The rally comes as Gibson has started to make more appearances on Infowars, including as a repeat guest on the “War Room” show on the online channel, since fizzling out in the Senate campaign.

Gibson and Jones have found common ground on the issue of free speech, with both seeing themselves as embattled warriors fighting against a perceived threat of rampant leftist violence that aims to silence conservative voices. Jones has even said that the left intends to start a civil war. Though Gibson usually prefers to spread his message in the streets and Jones in the studio, it seems that their theaters are beginning to overlap.

On Monday, “War Room” host Owen Shroyer announced the start of an Infowars “street army” — fans and listeners wearing pro-Trump garb to non-political and non-Trump events and behaving provocatively on camera when possible, then photographing or video recording the reactions, whether they turn violent or not.

In exchange for the videos and pictures, Shroyer is promising to promote people through the “ranks” in his “street army” ranging from private on up. While the group will initially depend on the creativity of individuals, Shroyer says they will eventually carry out coordinated actions.

“We go out in the real 3D realm to show how popular Trump really is,” Shroyer said.

Shroyer also pitched an idea he calls “university wars,” encouraging college students to wear “Make America Great Again” hats and T-shirts to classes as schools return to session in the coming weeks.

Shroyer also pushed students to film their professors being “anti-American, racist, communist, anti-Trump, whatever it is.” The idea is similar to the “professor watch list” crowdsourced by conservative student group Turning Point USA.

Along with recording professors, Shroyer encouraged followers to drop large banners bearing the Infowars name at college football games, particularly at some of the largest stadiums in the country and schools that have been targets for racist “alt-right” front man Richard Spencer and other activists — the University of Michigan, Penn State and the University of Tennessee.

“It’s time to get active,” Shroyer said in a recently broadcast show. “It’s time to push the pedal to the metal.”

Patriot Prayer rallies have turned violent in recent months, with police in Portland, Oregon, firing off flash-bangs at an August 4 gathering that included the Proud Boys and a rally two months earlier that devolved into a series of fights and people throwing objects at one another.

Gibson, on an episode of Infowars, said Patriot Prayer rallies started because “we saw people beat up in the streets during the Trump election.” Neither Jones nor Gibson offered any evidence of such activity, but both harped on the idea that counter-protesters were responsible for any violence at Patriot Prayer rallies.

“It’s really important that we unite,” Gibson said. “We come together and have each other’s backs.”

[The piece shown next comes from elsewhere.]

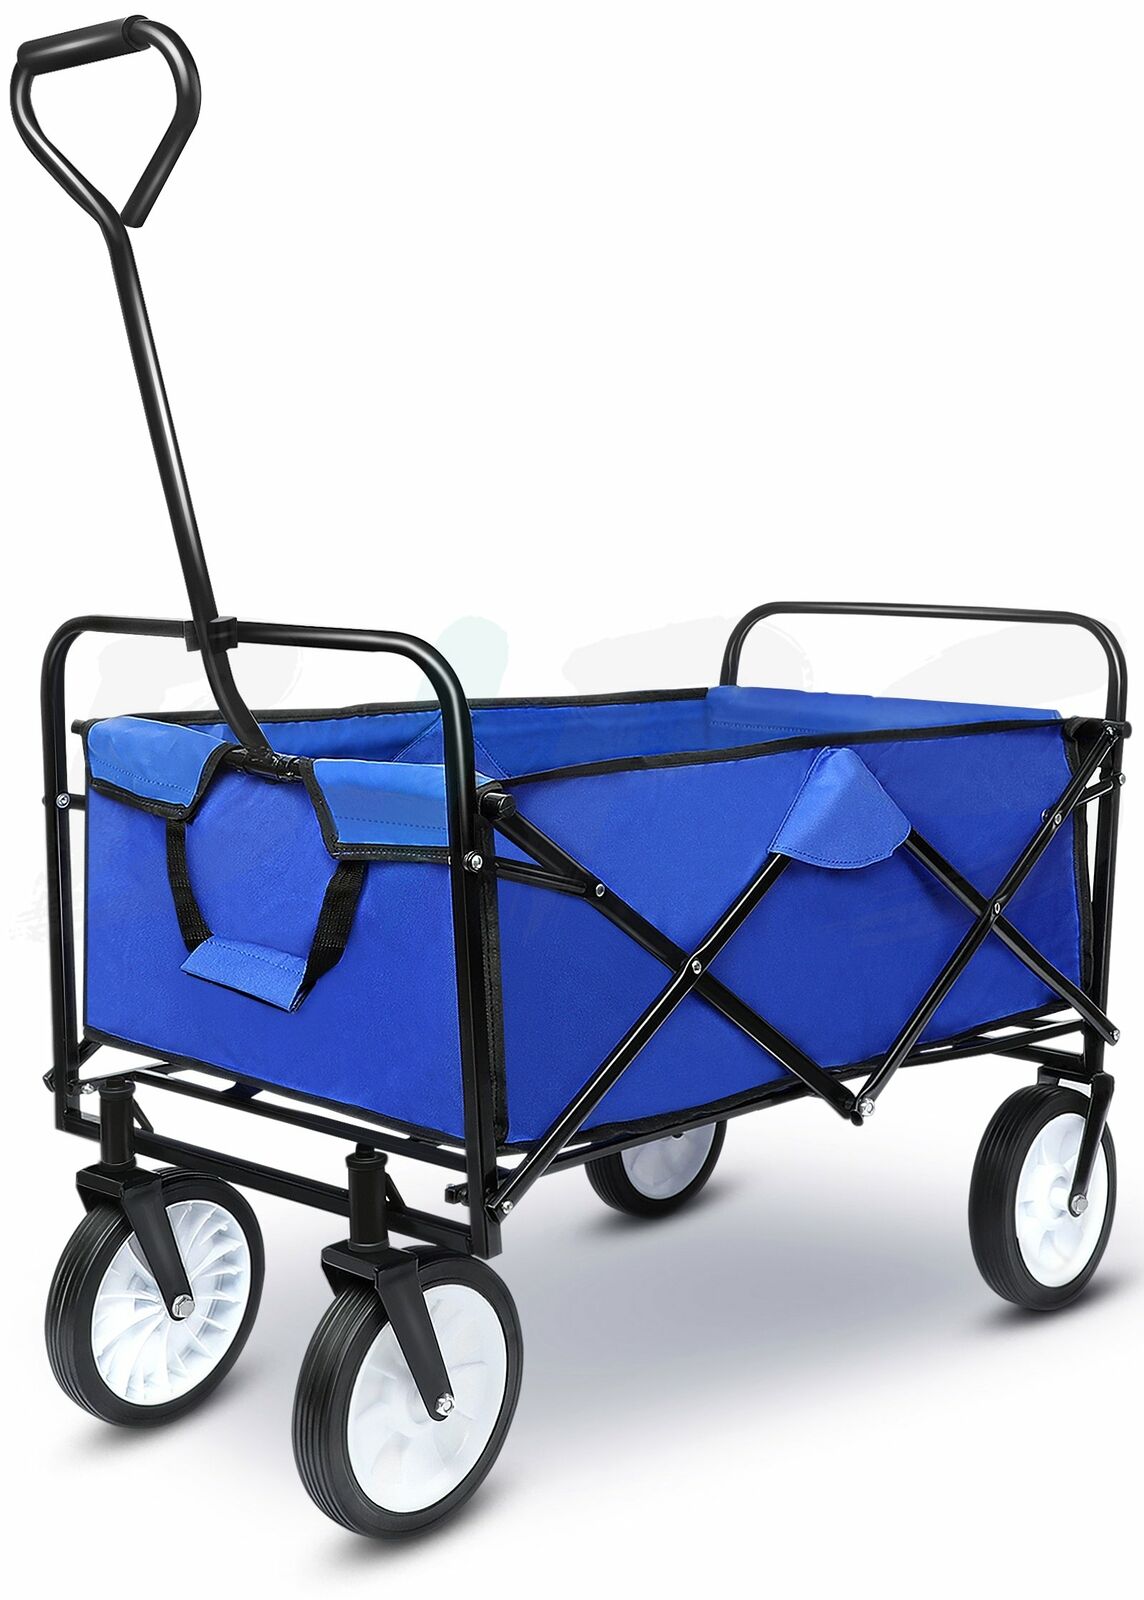 Collapsible Folding Wagon Cart Outdoor Utility Heavy Duty Garden Trolley 176lbs
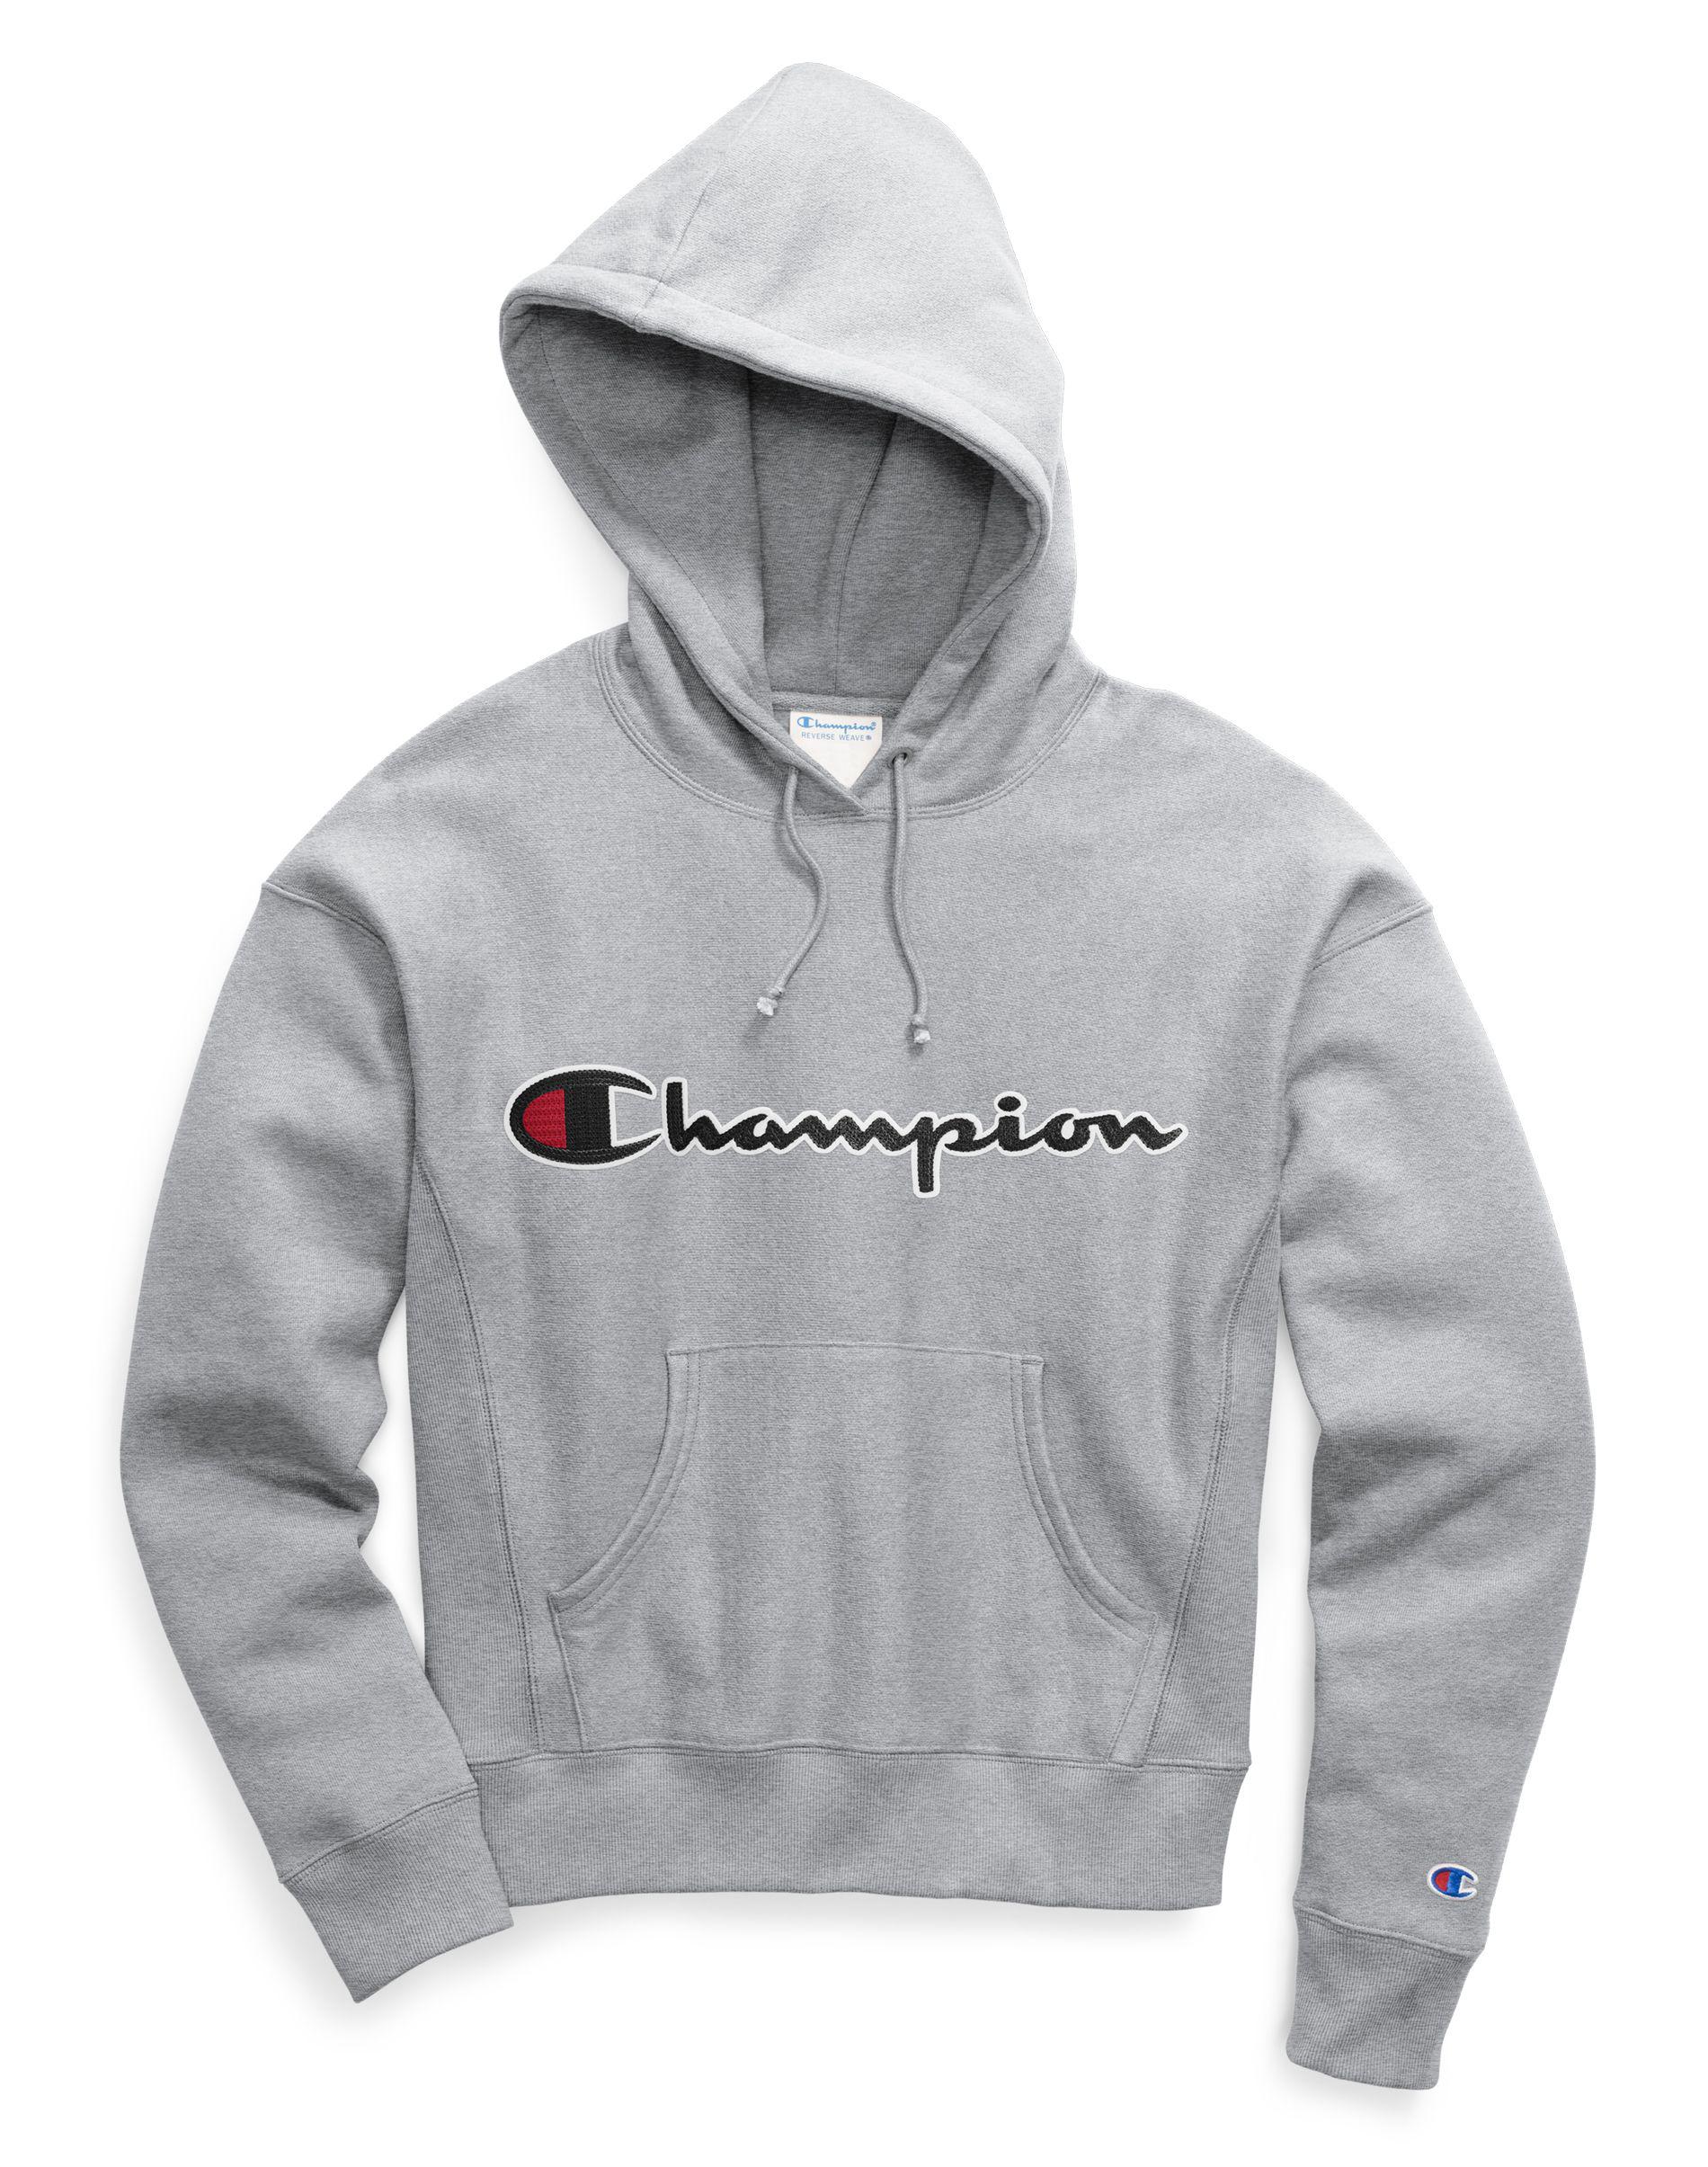 champion hoodie stitched

Will Johnson, who created Unite America First, a group that considers the Democratic Party to be “domestic terrorists,” told Gibson and Jones that people shouldn’t be afraid to go out wearing Trump paraphernalia.

“We are in a civil war,” Johnson said. “It’s not a hot civil war, but we are in a war.”

Whether the Gibson-Infowars alliance is one of convenience or the making of a long-term partnership is unknown.

But for the moment, the strange bedfellows appear to be getting along.